Note: You can get your token by creating an account on Crawlbase. You will get 5000 free credits for an easy start. No credit card required for free trial.

This simple setup allows you to seamlessly rotate IPs and avoid scraping roadblocks.

Final Thoughts

Scraping AJAX sites is tricky but with the right techniques and tools it’s doable. By knowing how AJAX works and using tools like requests, Selenium, and headless browsers, you can get the data you need.
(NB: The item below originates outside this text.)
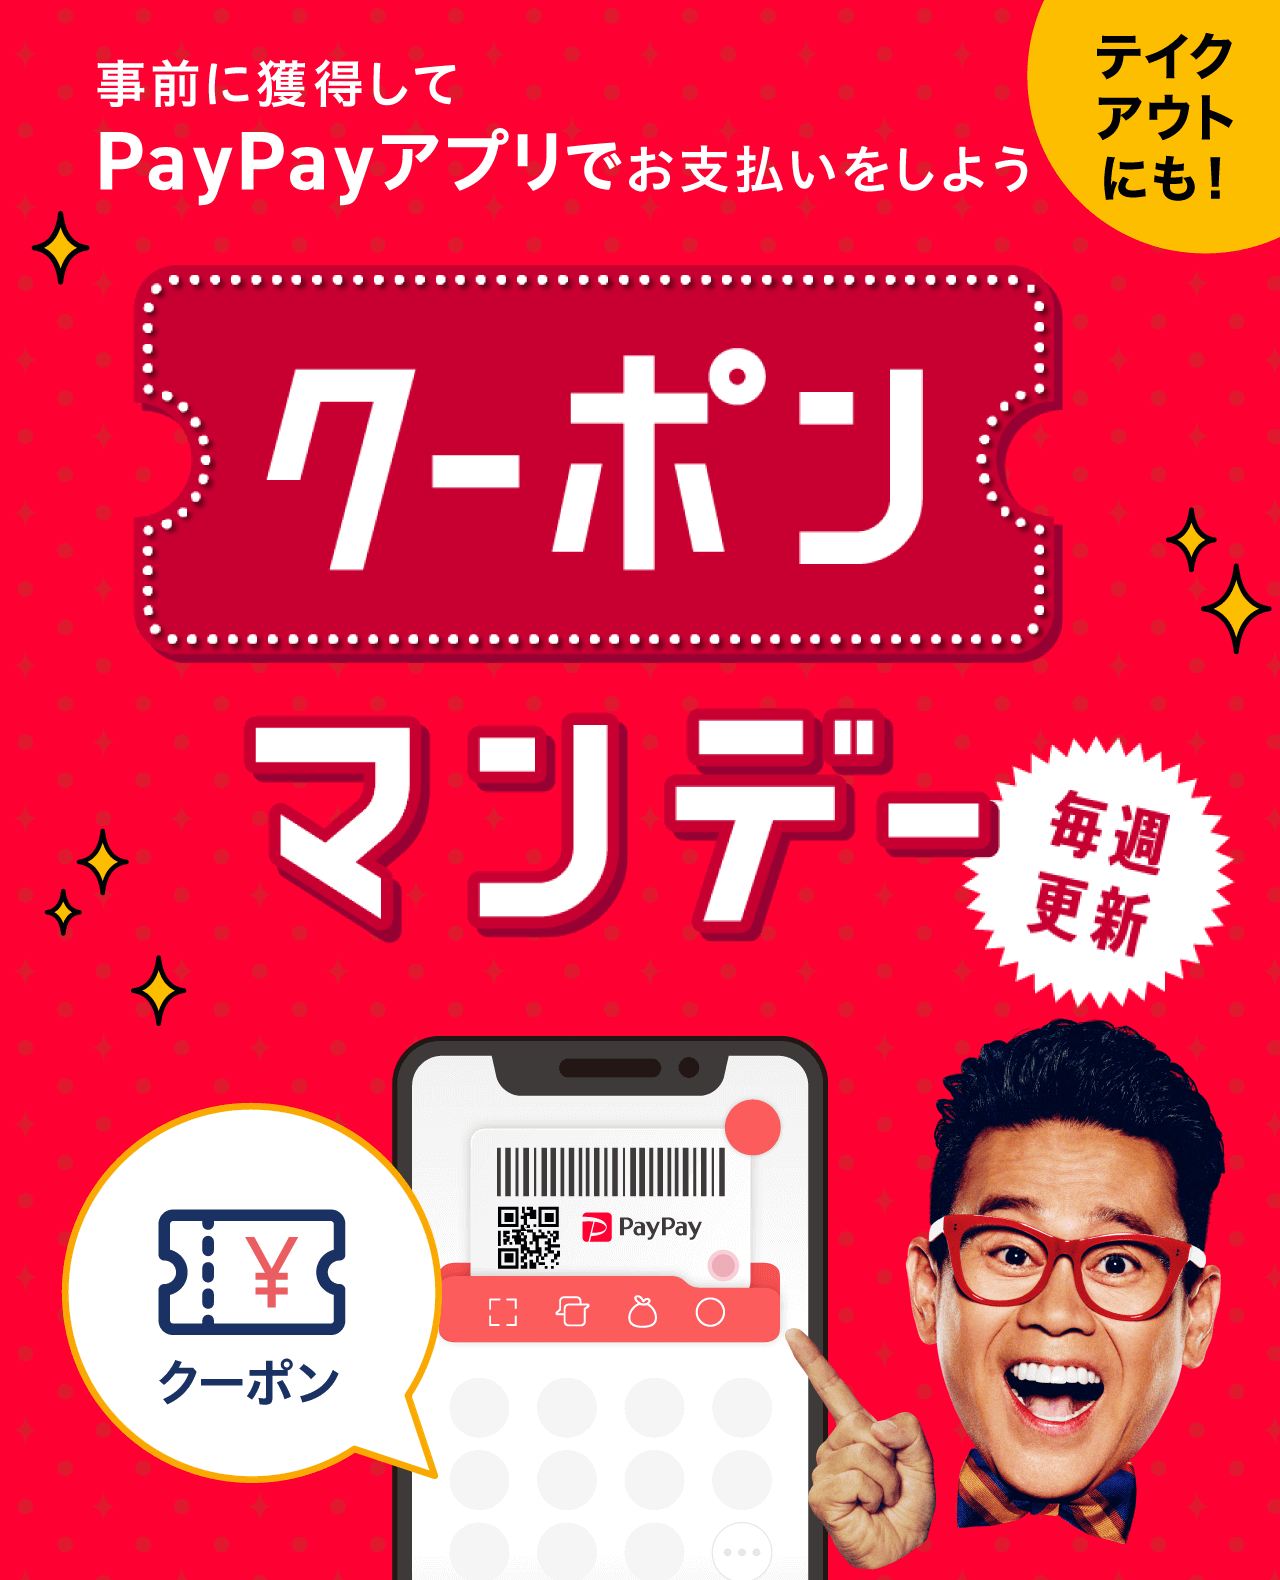 事前に獲得してPayPayアプリでお支払いをしよう クーポンマンデー!毎週更新
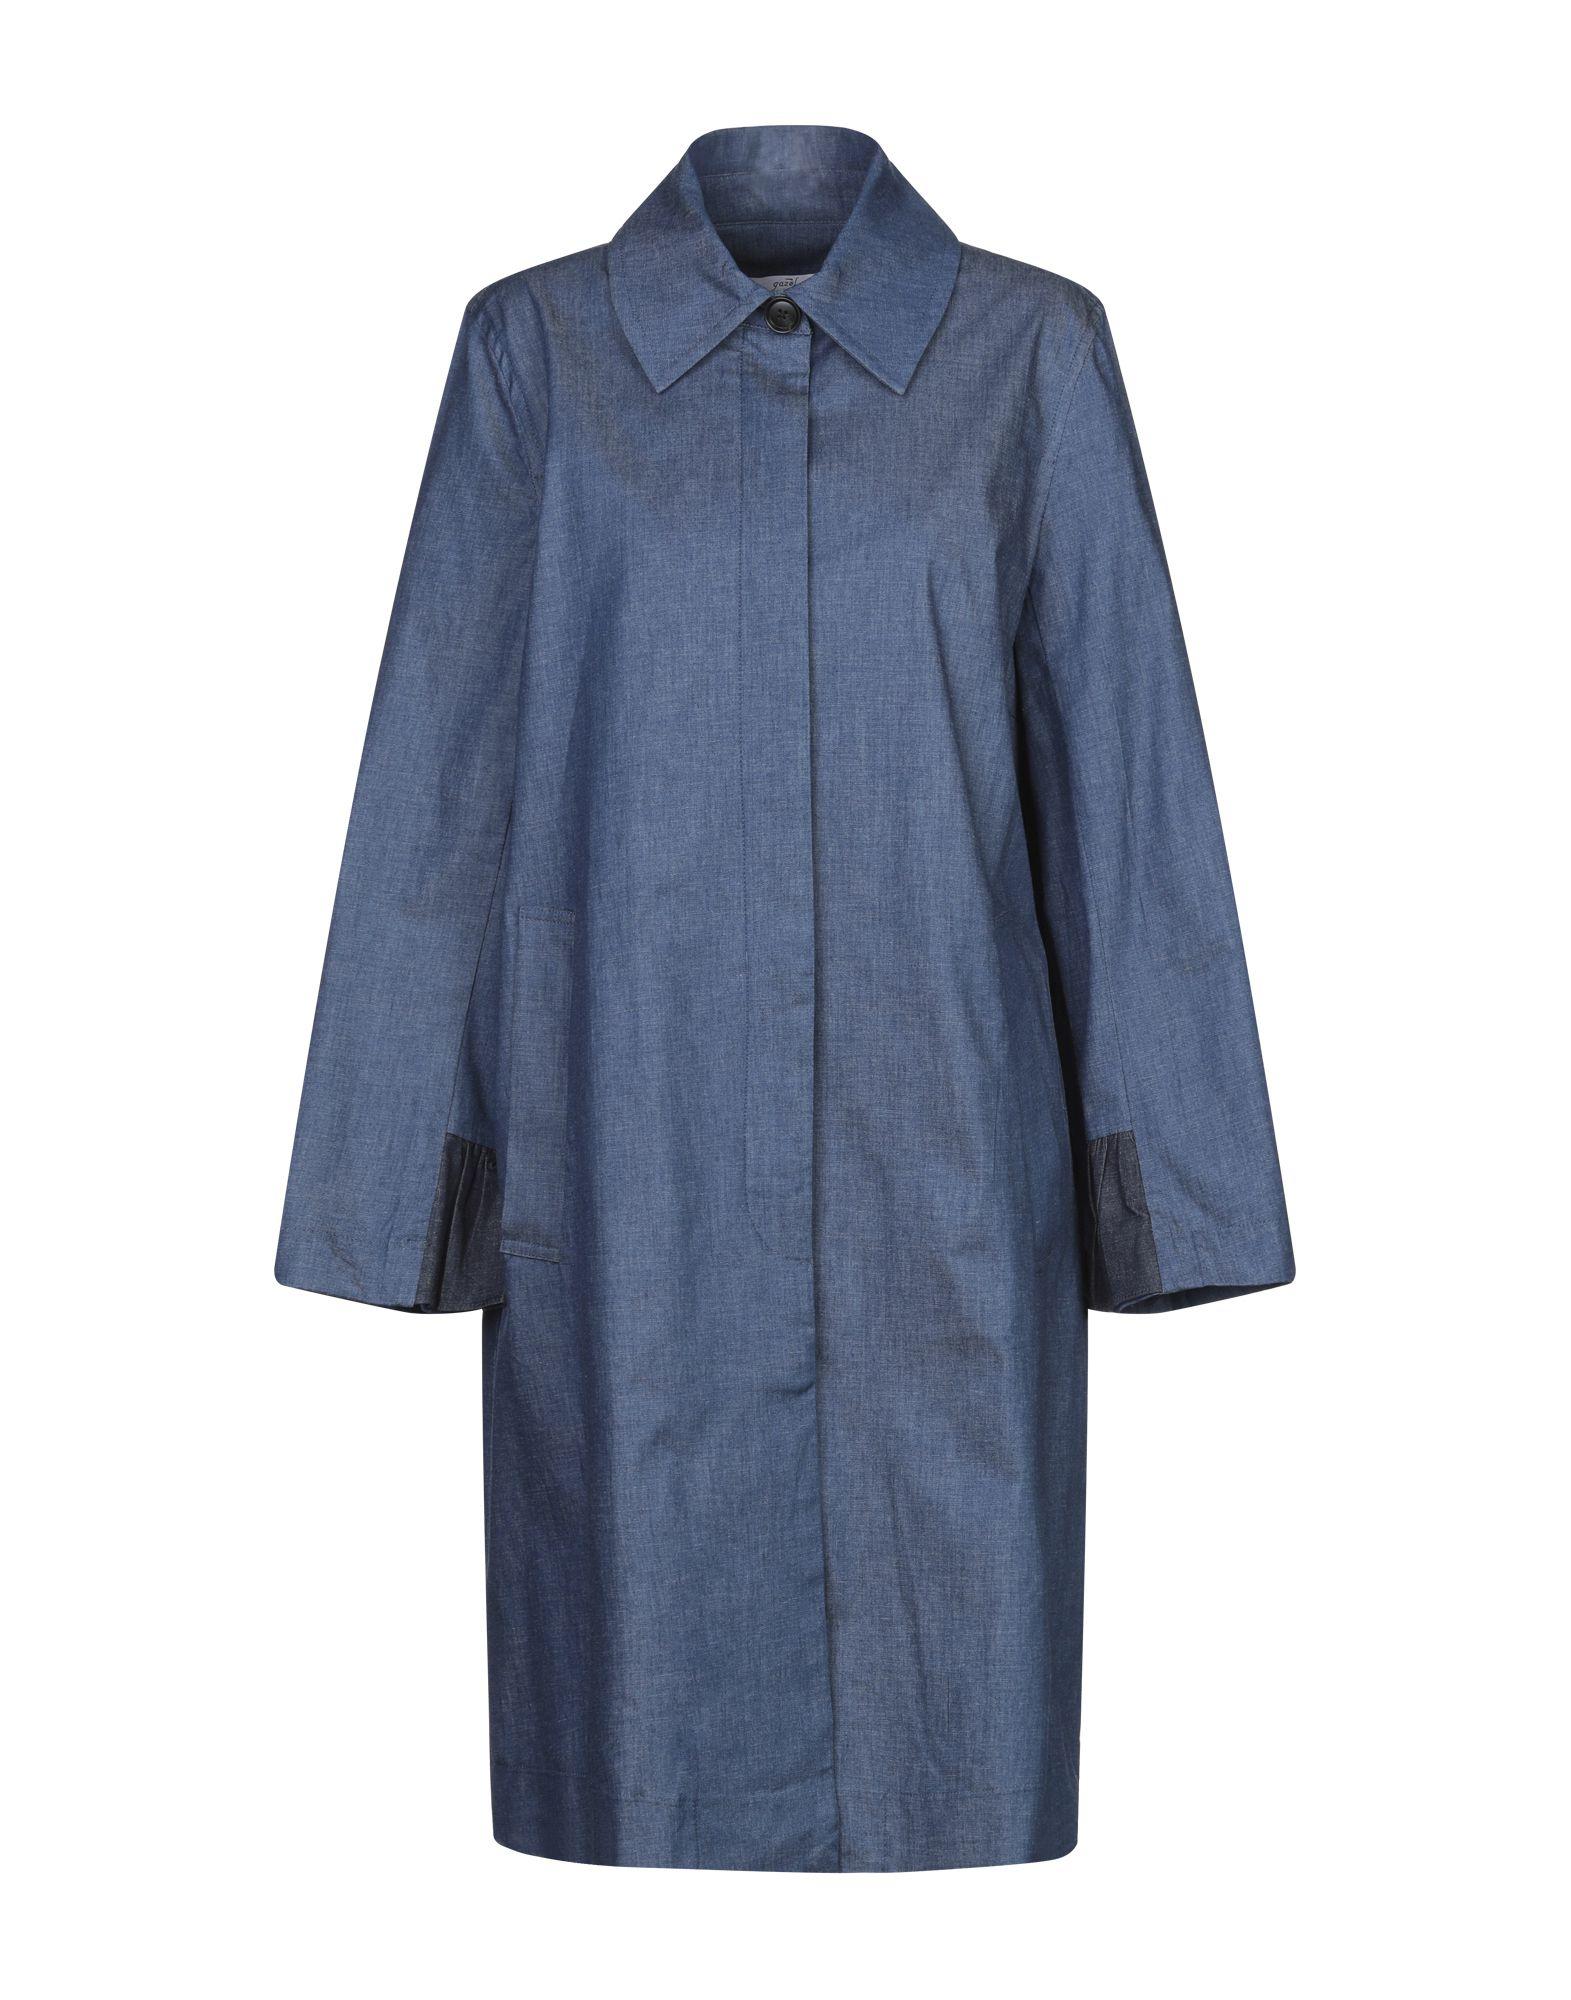 GAZEL Джинсовая верхняя одежда

Moreover, optimizing your scraper with Crawlbase Smart Proxy ensures that you can scrape data reliably without running into issues like IP blocking or CAPTCHAs. This not only improves the efficiency of your scraper but also saves time by avoiding unnecessary interruptions.

Remember to always respect the terms of service of websites you’re scraping and ensure ethical scraping practices. With the right approach, scraping AJAX websites can be a powerful tool for gathering valuable data for your projects.

Frequently Asked Questions

Q. What is AJAX, and why is it challenging to scrape data from AJAX websites?

AJAX (Asynchronous JavaScript and XML) is a technique used by websites to update parts of a page without reloading the whole page. This dynamic content loading makes it harder to scrape because the data doesn’t load like a static page. It’s loaded in the background via requests. To scrape AJAX websites, you need to find those requests and replicate them to get the data which is more complex than scraping static pages.

Q. How can I scrape AJAX content without using a browser?

You can scrape AJAX content without a browser by analyzing the website’s network traffic and finding the API endpoints it uses to load the data. You can use tools like Python’s requests library to make the same API calls and get the data. You just need to replicate the headers and request parameters correctly. But some websites require JavaScript rendering, in which case you need Selenium or headless browsers like Puppeteer to load and scrape the content entirely.

Q. How does Crawlbase Smart Proxy help in AJAX scraping?

Crawlbase Smart Proxy helps you scrape more efficiently by managing your IP addresses and bypassing CAPTCHAs and rate limits. It provides rotating proxies so your requests look like they are coming from different IPs, so you won’t get blocked or throttled while scraping AJAX data. This makes your scraping process more reliable, and you can get the data without interruptions.